Проезжая мимо своего подворья, Фёдор замечал: хата снаружи побелена, но оконные рамы надо бы покрасить, да и плетешок требует поправки, кое-где уже валится.
Вот выскочил из хаты старший Мишка, за ним бежит Коля, заметили отца.
Фёдор остановился, ребята залезли в бричку и просят:
- Папанька, покатай на бричке...
- А мать разрешила?
- Да вон она идёт с Аллочкой, - сказал Миша. Анна подошла и спросила:
- Федя, может зайдёшь домой, пообедаешь?..
- Я не голоден, да и некогда, - ответил он.
- Тогда ребят не бери с собой.
- Мам, мы только до конца улицы прокатимся с папанькой и прибежим домой, ладно?
- Ладно, пеняйте, - грустно сказала мать и с годовалой Аллочкой на руках пошла в свой двор.
Фёдор тронул вожжами, и лошади пошли.

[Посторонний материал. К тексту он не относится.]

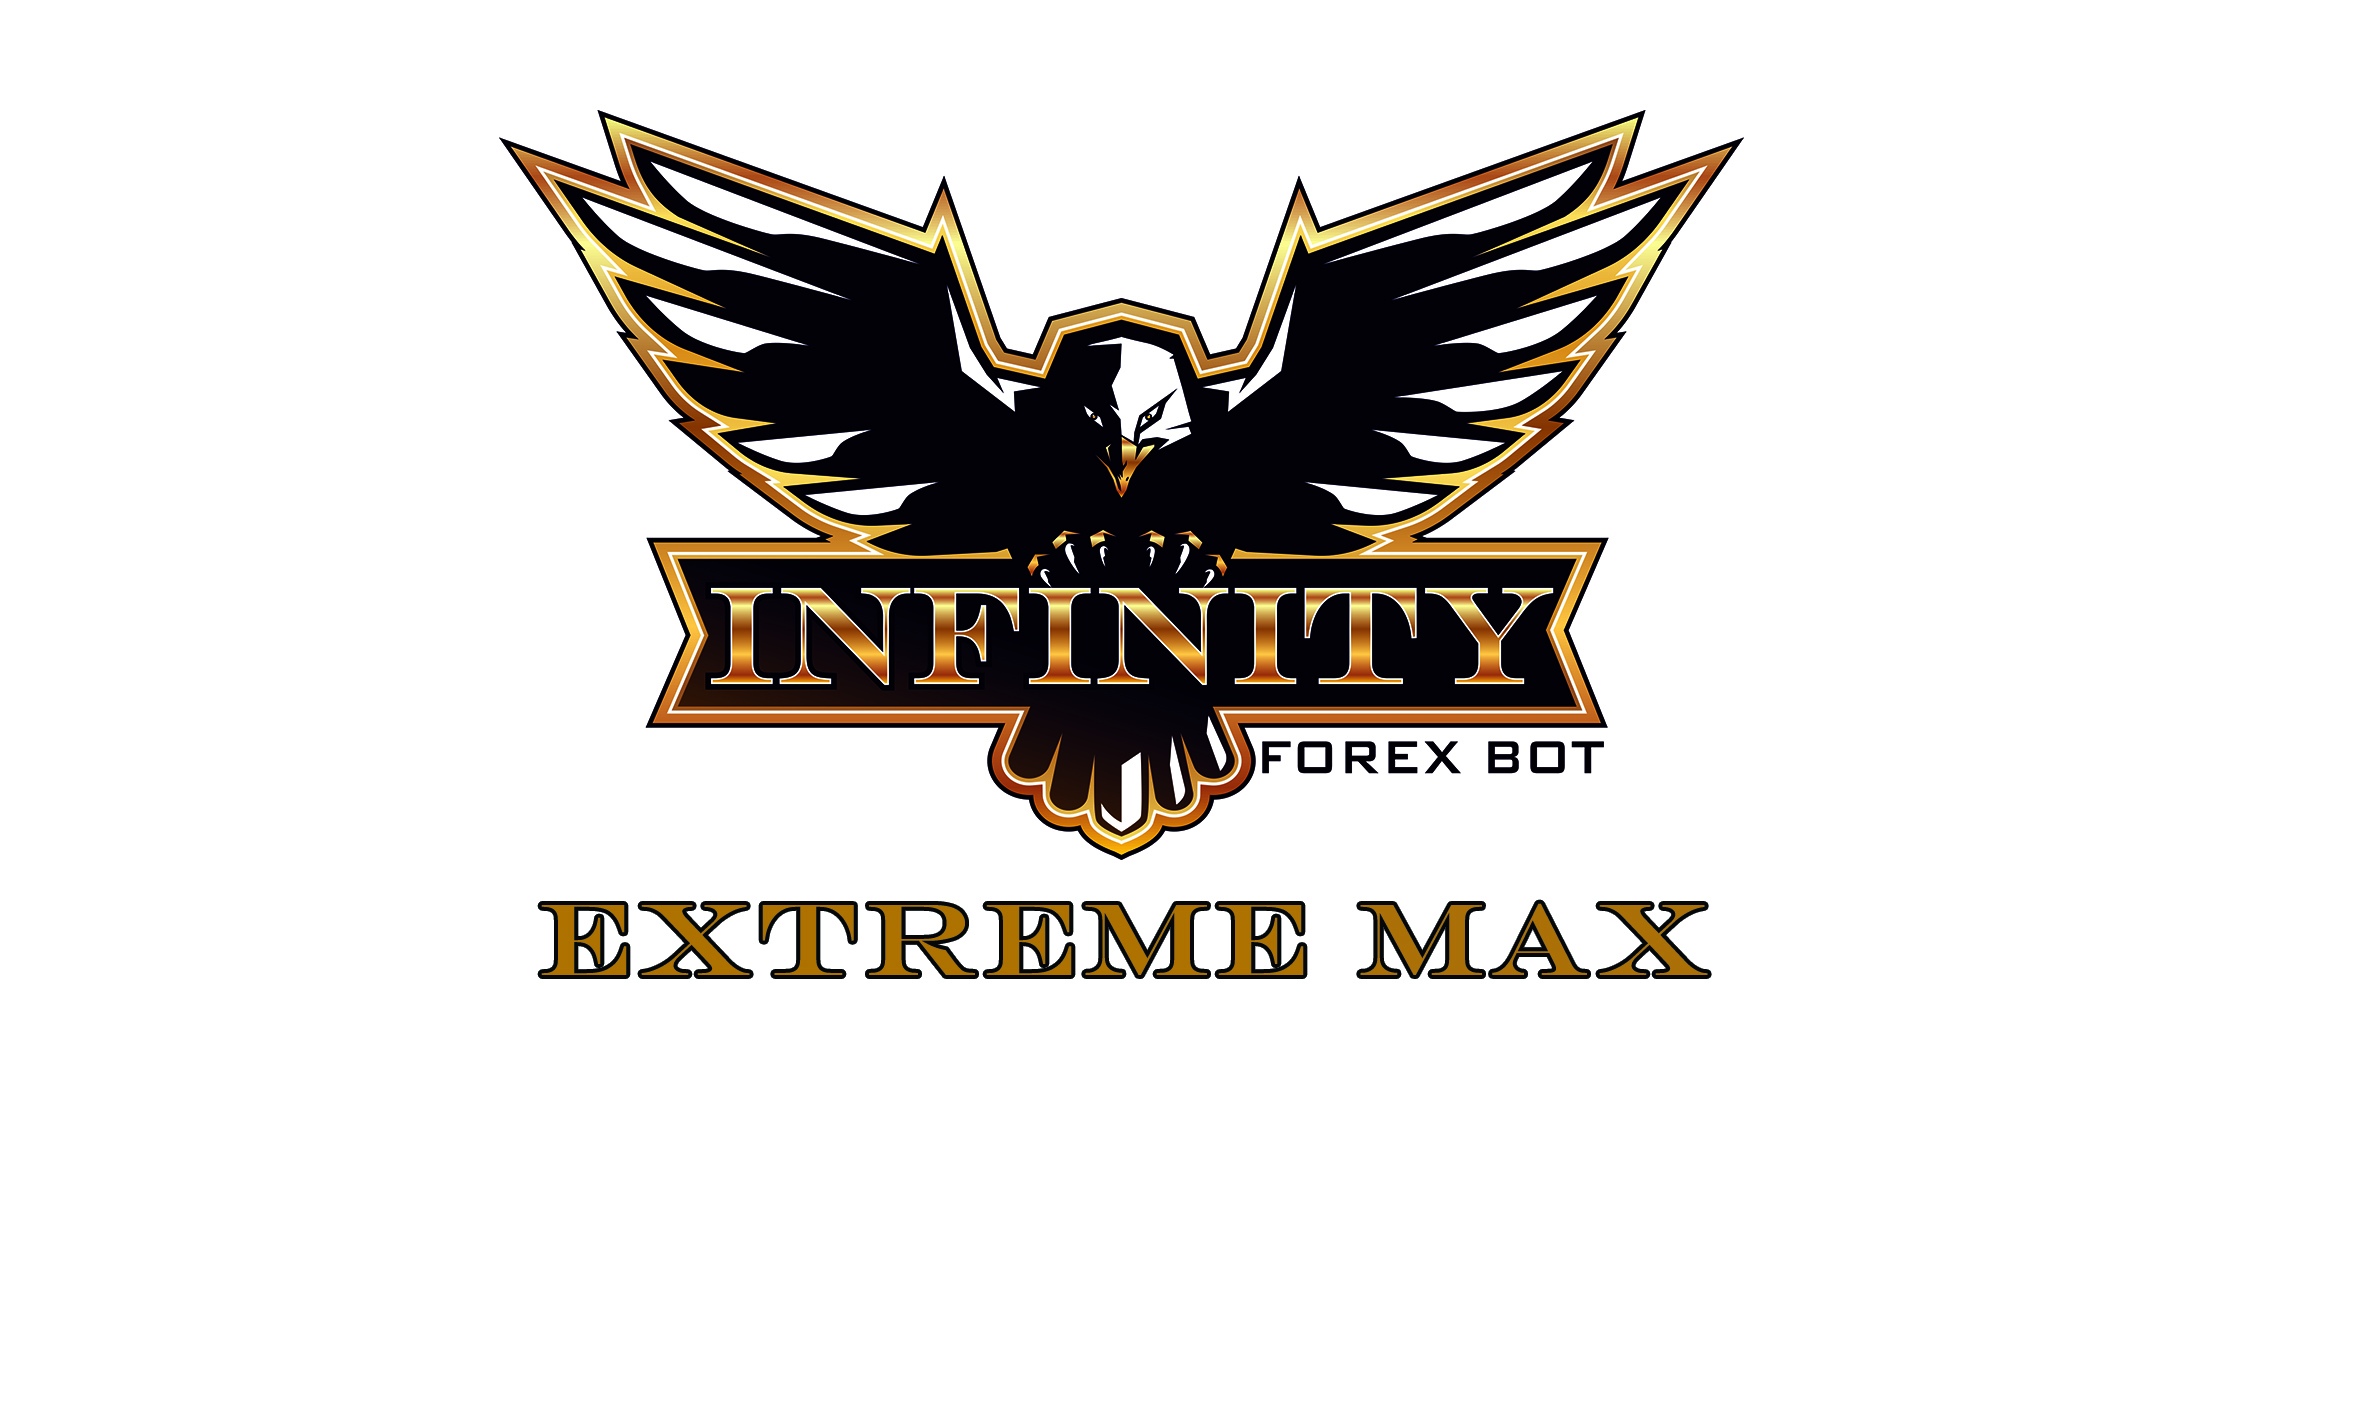 Infinity Extreme max

Он их намеренно сдерживал, чтобы подольше побыть с детьми и поговорить с ними.
- Миша, мама вас не обижает? - спросил он старшего сына, которому шёл девятый год.
- Нет, нет, мама нас не бьёт, - ответил Коля, а ему были в то время четыре с половиной года.
- А пойдёте ко мне жить? - обратился неожиданно Фёдор к ребятам, которые сразу замолчали.
- Чего молчишь, Миша, ты старший, пойдёшь ко мне?
- Надо спросить маму, — серьёзно ответил он отцу.
- Я хочу домой, до мамы, - жалобно сказал Колька готовый зареветь.
Фёдор остановил лошадей и грубо сказал:
- Слазьте с брички и бегом домой!
А сам огрел лошадей кнутом и поехал быстро в поле.
Ребята пришли домой и всё рассказали матери.
Анна серьёзно их предупредила:
- Отец очень строгий, больше с ним не катайтесь, он, где ни-будь со зла перевернёт бричку и вас поубивает.
Через несколько дней после этого разговора, Анна вечером когда Фёдор приезжает с работы, пошла на колхозный двор и, встретившись с ним, стала говорить:
- Федя, вернулся бы ты домой. Как сама я буду воспитывать ребят. Они меня плохо понимают. Вот сегодня Миши убежал с ясель на речку купаться. Оказывается, это происходит почти каждый день.
- А ты с ним говорила, что нельзя без разрешения убегать с ясель?
- Говорила, говорила. Он молчит, и всё тут.
- Давай я его заберу к себе, если с ним не справляешься.
- А домой ты не вернёшься? Я тебе всё прощу.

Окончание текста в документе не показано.